If that doesn't eliminate it, go to the Malware forum, read the sticky, and post a log for the experts there.


----------



## GrandmaKCAT (Aug 8, 2008)

thank you, I'll try that next


----------



## Elvandil (Aug 1, 2003)

Did you look in Add/remove?


----------



## Elvandil (Aug 1, 2003)

The good news is that it really is a program from Incredimail and not a trojan. The bad news is that it still may be hard to get rid of.

But look for it in Add/Remove programs, and under Incredimail. If you can't find it, try using Toolbar Cop to see how it embedded itself into the browsers and remove it. In Firefox, you may need to look under the add-ons and extensions and see if it can be removed from there.

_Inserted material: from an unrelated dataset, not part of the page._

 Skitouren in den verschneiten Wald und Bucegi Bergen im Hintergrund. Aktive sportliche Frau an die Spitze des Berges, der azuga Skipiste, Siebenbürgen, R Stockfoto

Then use MZ Startup Manager to look through the programs that start with your computer and see if it is there. If it is, disable it.


----------



## GrandmaKCAT (Aug 8, 2008)

Thanks, I'm running spybot right now. I went to Add/Remove but only saw Incredimail. I also noticed tonight that since I downloaded the update, I cannot copy and paste an item into a new email. 
I will try the other ideas too. Thank you.


----------



## LauraMJ (Mar 18, 2004)

When you did the update, it gives you, right there on the dialog box, before ANYTHING is installed, the option to have the MyStart page and search engine. You simply uncheck those boxes before continuing. 

However, now that it is done, I suggest uninstalling Incredimail, which should remove the MyStart. If you want, reinstall it, and this time pay attention to the dialog boxes and UNCHECK the boxes to include the MyStart webpage and search.


----------



## GrandmaKCAT (Aug 8, 2008)

After a lot of scanning and searching (with no problems found), I closed out Incredimail with the intent of going back to Outlook Express. As I went back to Incredimail to transfer the address book, a pop up came up that allowed me to switch back to my default browser. So for now, unless it becomes more of a problem in another way, I'll just ignore it. -
If anyone knows whether this should be removed for security reasons, please let me know.
Thanks for your help!
Ronnie


----------



## LauraMJ (Mar 18, 2004)

One can also go to Start > All programs > Increditmail > Uninstall and in the dialog box that pops up, click on "upgrade to the latest version." In the next dialog box that pops up, make sure to UNCHECK the boxes for making MyStart the home page and default search engine. Once that is done, and Incredimail opens the browser, go to your preferred homepage and then click on Tools > Internet Options > and click on the button to use the page being displayed as your home page. That will put it back as the default homepage.

Then ALWAYS pay attention to installation dialog boxes!


----------



## GrandmaKCAT (Aug 8, 2008)

I was able to get to my home page finally. I usually do watch to see what is being downloaded with a program, but for some reason I either didn't see it or just wasn't paying attention! A lesson learned AGAIN for sure!
Thanks again!


----------